TOUS LES JOURS NOS POLITIQUES SE MOQUENT DE NOUS Quand à l'auteur il ne gagne pas le smig !!!!!!
a écrit le 16/11/2018 à 14:45 :
Non, quand la hausse du carburant vient des taxes pour financer de grotesques lobbies écolo, ce n'est en aucun cas justifié. Il y a mieux à faire en s'attaquant au fuel soufré des containers sur mer, dont les 40 premiers polluent autant que la totalité du parc automobile mondial. Ces arguments écolos sont une fumisterie, pour débiles à deux neurones.
a écrit le 16/11/2018 à 14:22 :
Le parler vrai sort de votre bouche. Il faudra revenir peu à peu aux années 60 où les gens partaient une fois par an en vacances et encore pas tout le monde, pas de week-end à la campagne ou à la mer. il y avait dans les petits appartements souvent qu'un seul poêle pour chauffer le tout.Et pourtant les gens étaient heureux....
a écrit le 16/11/2018 à 14:13 :
les français sont résignés depuis longtemps à payer un prix des carburants beaucoup plus élevé que son prix réel de revient. Et paradoxalement (en apparence) c'est quand le baril est au plus cher que la proportion (et non le niveau !) des taxes est la plus basse. La France a depuis toujours une fiscalité sur les carburants très lourde, malgré une pause d'une dizaine d'années. On peut imaginer qu'une fiscalité qui suivrait la moyenne européenne (qui monte régulièrement et où un certain rééquilibrage entre les différents carburants s'opère) ne causerait pas de remous considérables. Le problème français actuel est la boulimie sans précédent en la matière de l'actuel exécutif. Il n'y a eu qu'une seule fois dans le dernier demi-siècle une hausse de taxes comparable à celle qui nous a été infligée le 1er janvier dernier (et qui s'apprête à nous être infligée à nouveau en 2019), c'était en 1993 à l'arrivée de Balladur-Sarkozy dans un contexte de chute dramatique des recettes budgétaires : +42ct (de franc) sur l'essence (et seulement +4ct sur le gazole car l'exécutif d'alors voulait favoriser l'industrie automobile française qui était très en pointe sur le gazole). Et c'était dans un contexte de prix du baril très faible (environ 20$). Sur cette question, notre gouvernement, qui a d'ailleurs fortement aggravé la trajectoire de hausse de la CCE votée sous la précédente législature, fait clairement sur cette affaire une politique qu'on peut qualifier d'extrémiste. Avec sans doute en toile de fond le fait qu'il a besoin de ces recettes pour tenir ses budgets (le rendement de l'IS tendant à s'amenuiser) sans s'attaquer à la dépense publique et sociale. Autrement dit il doit espérer en secret que la consommation de carburants ne baissera pas trop à cause de ces taxes... C'est simplement un problème d'optimisation de rendement fiscal : trouver le bon niveau de taxes pour maximiser les rentrées (puisqu'au delà d'un certain niveau leur rendement diminue). Et les carburants est un terrain plus facile que l'impôt sur le revenu pour lequel il existe deux taux pour lesquels le rendement fiscal est nul : 0% (facile à comprendre) et 100% (tout le monde se débrouille pour ne plus avoir de revenu).
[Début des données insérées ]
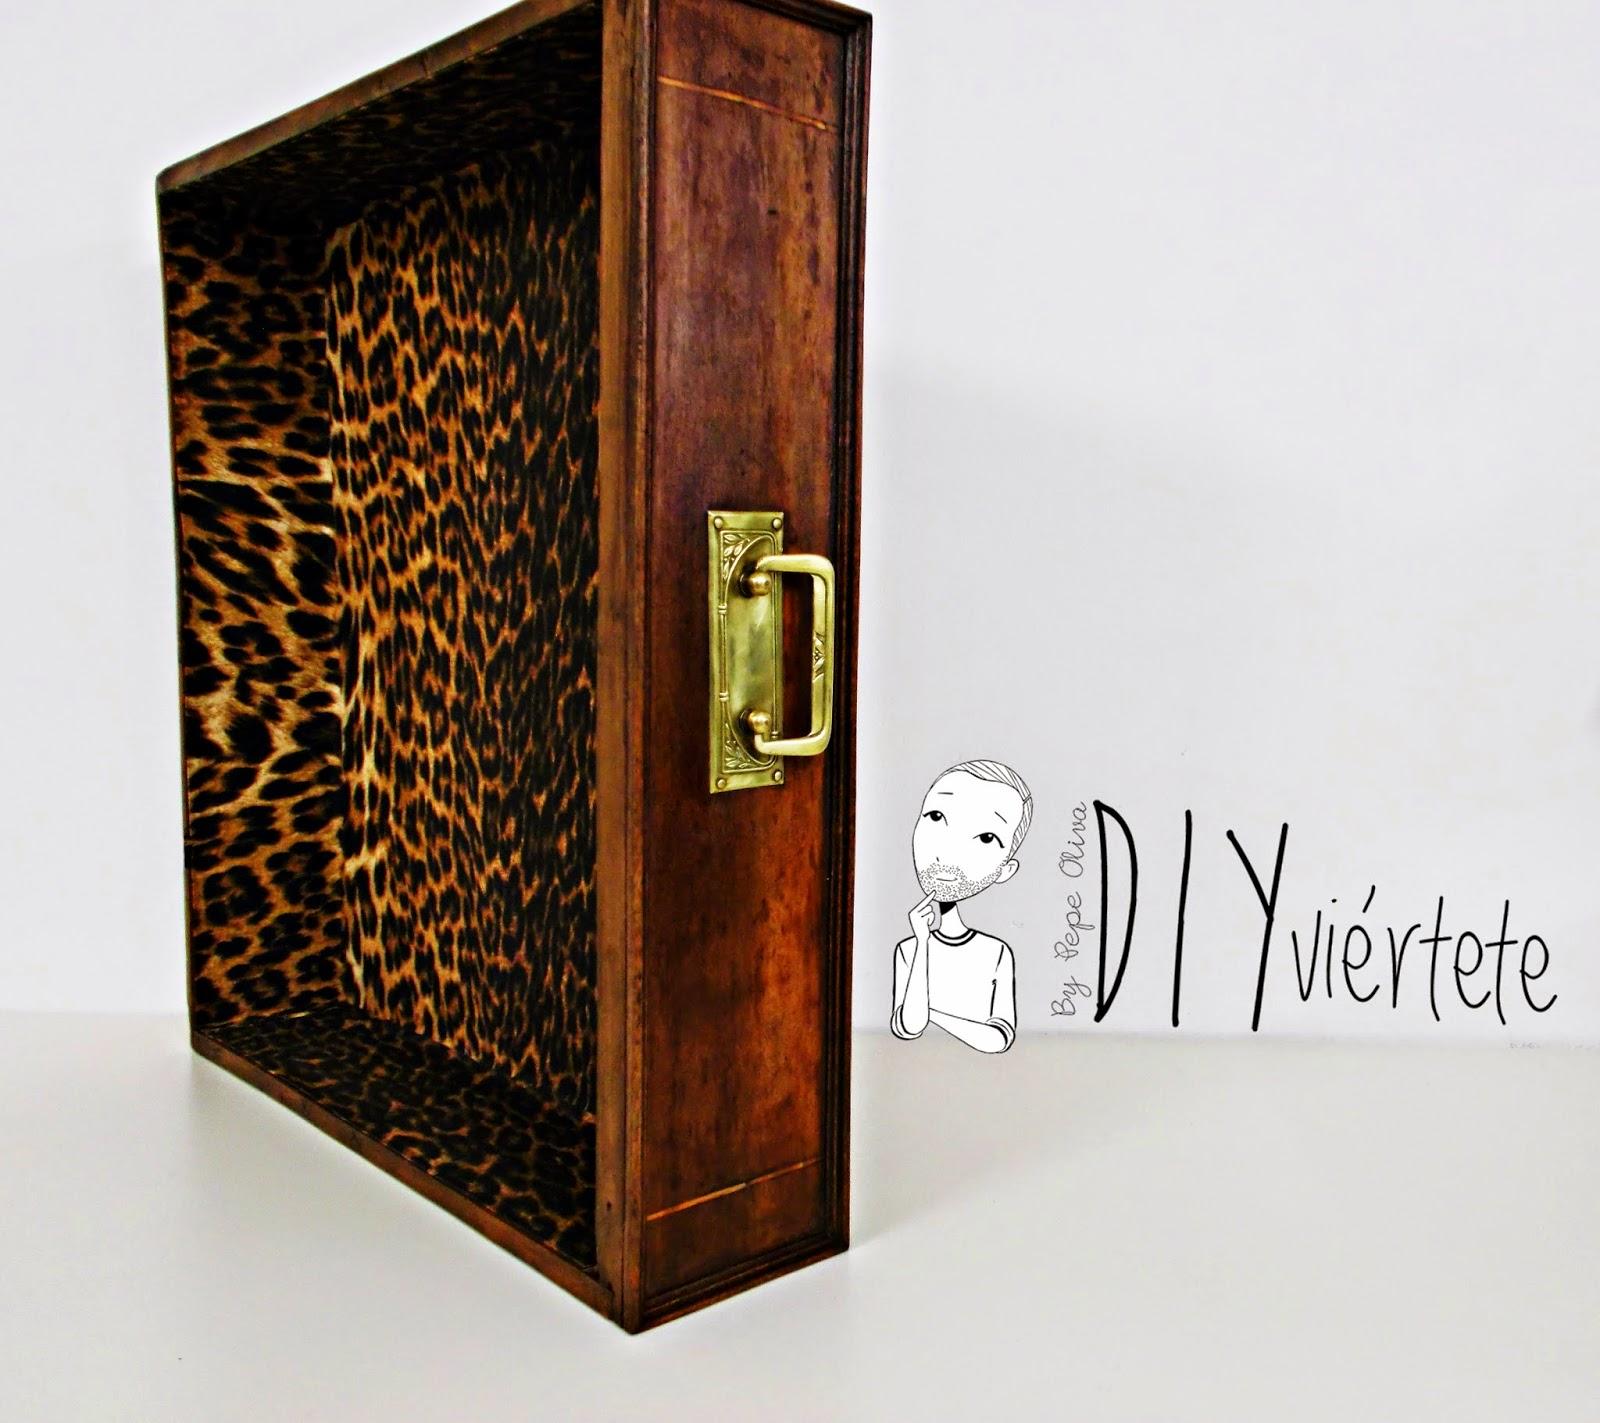 DIY-decoración-cómoda-mueble-restaurar-forrar-cajones-tela-leopardo-3

a écrit le 16/11/2018 à 13:36 :
Il n'y a pas d'alternative !

"There is no alternative" https://fr.wikipedia.org/wiki/There_is_no_alternative
a écrit le 16/11/2018 à 12:59 :
Il faudra accepter alors sans alternative crédible qu'on se déplace moins : le rayon de recherche de travail autour du domicile se réduira, les zones de chalandises autour des centres commerciaux se réduiront également, les déplacements pour un week-end au vert ou sur le littoral se réduiront. Il faut accepter les conséquences de ce renchérissement du pétrole et pas simplement dire qu'il va falloir payer plus le pétrole dans un contexte de budget restreint et de très faible voire inexistante augmentation du pouvoir d'achat.
Réponse de le 16/11/2018 à 15:22 :
Telles seront, et sont déjà, les conséquences. BIEN VU.